■ Information supplied
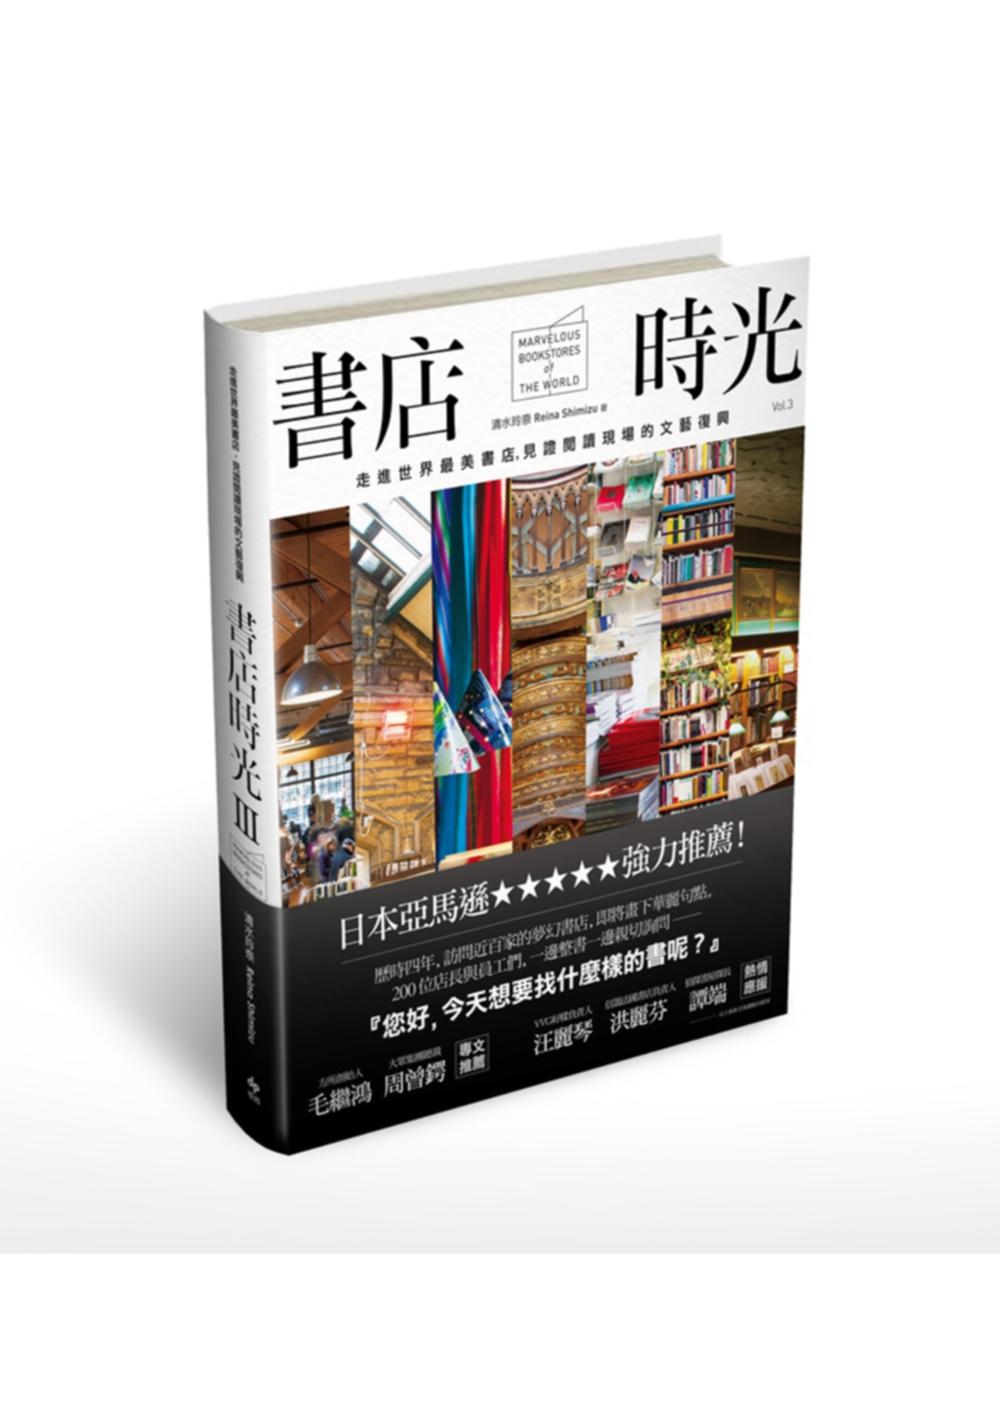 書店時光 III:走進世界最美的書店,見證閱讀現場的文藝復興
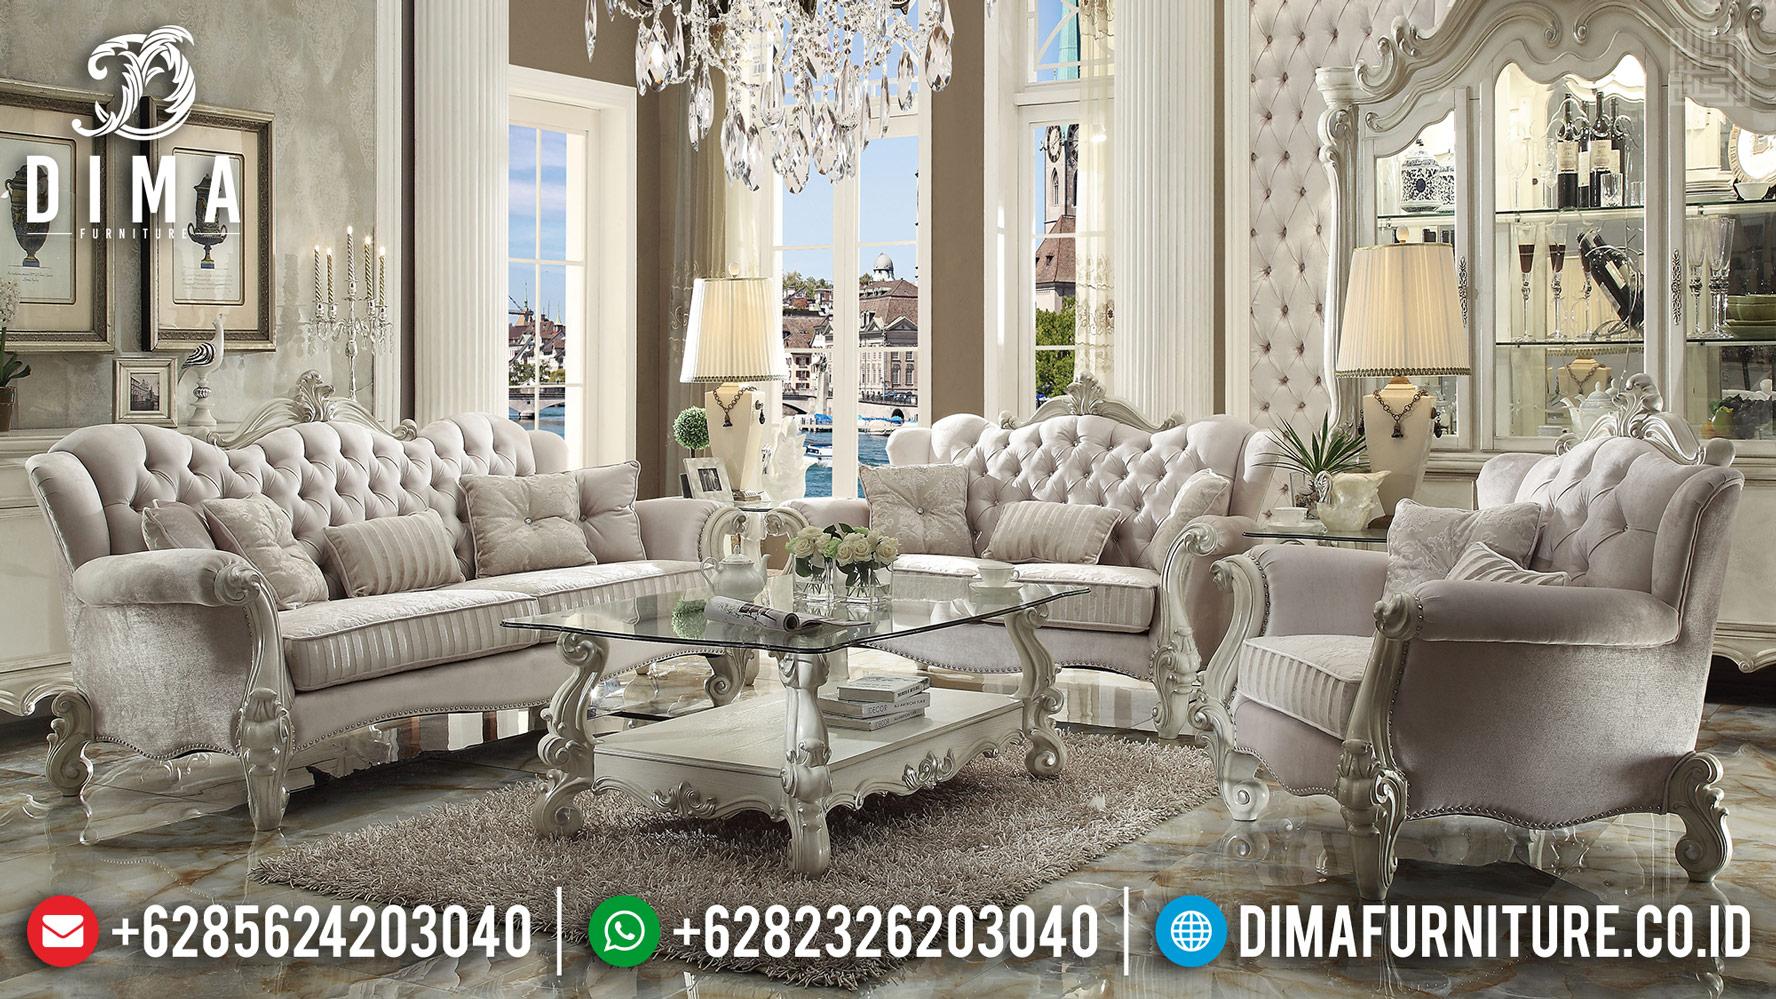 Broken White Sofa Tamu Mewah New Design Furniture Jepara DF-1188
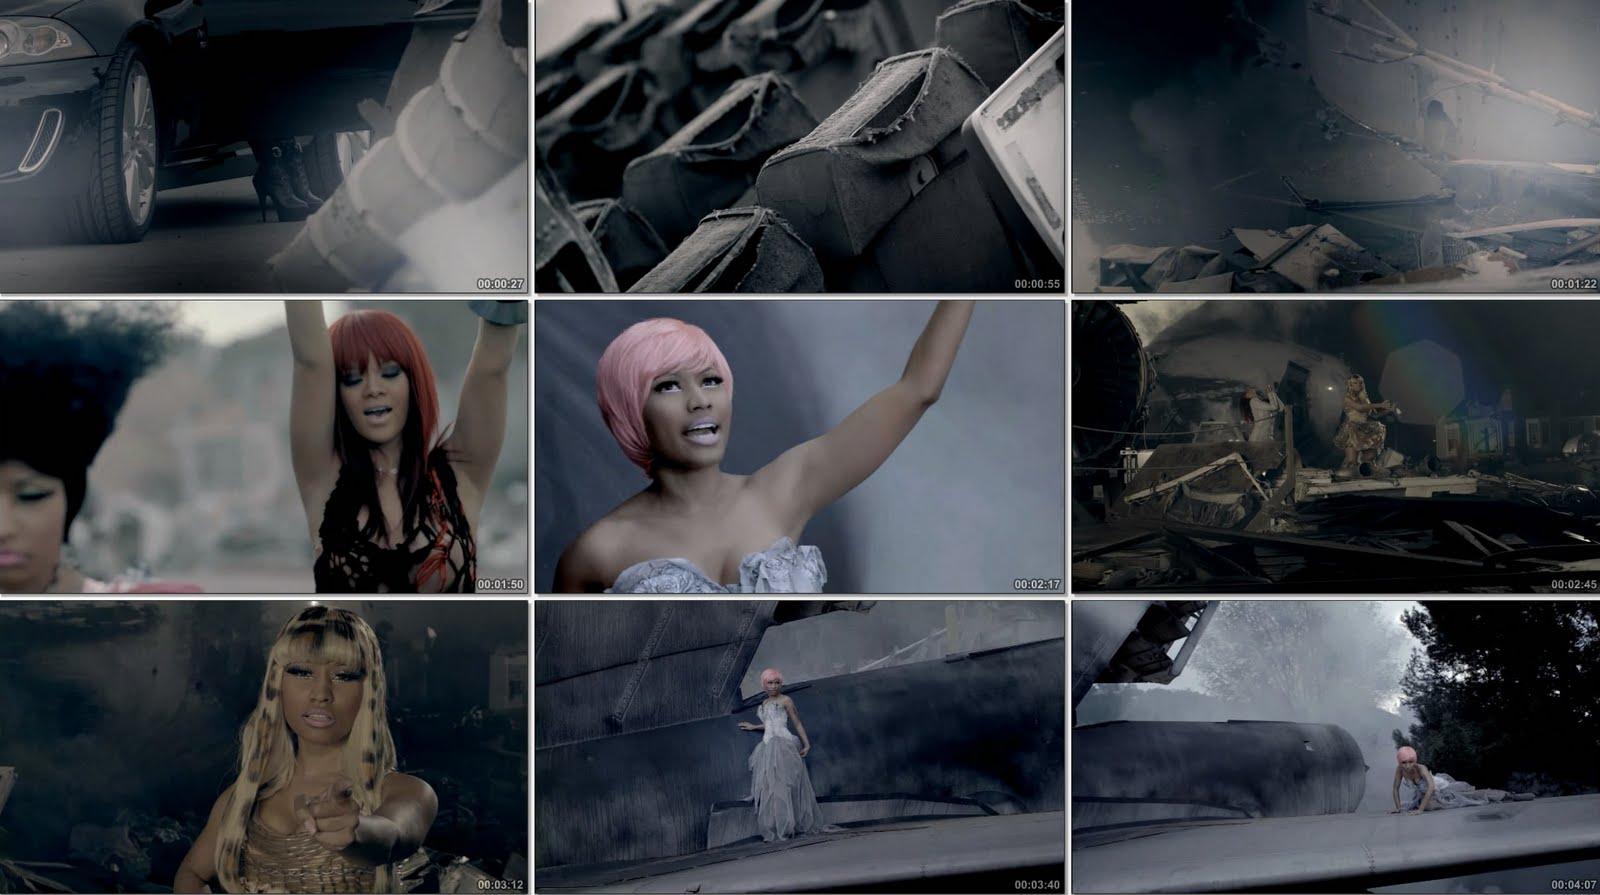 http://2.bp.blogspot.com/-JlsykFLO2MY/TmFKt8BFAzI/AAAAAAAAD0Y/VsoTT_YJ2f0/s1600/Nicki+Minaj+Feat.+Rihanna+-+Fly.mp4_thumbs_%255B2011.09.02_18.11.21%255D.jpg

■ Exercise instructions
Ignore the images and quote every line of the listing exactly.

■ Exercise result
 書店時光 III:走進世界最美的書店,見證閱讀現場的文藝復興
 Broken White Sofa Tamu Mewah New Design Furniture Jepara DF-1188
 http://2.bp.blogspot.com/-JlsykFLO2MY/TmFKt8BFAzI/AAAAAAAAD0Y/VsoTT_YJ2f0/s1600/Nicki+Minaj+Feat.+Rihanna+-+Fly.mp4_thumbs_%255B2011.09.02_18.11.21%255D.jpg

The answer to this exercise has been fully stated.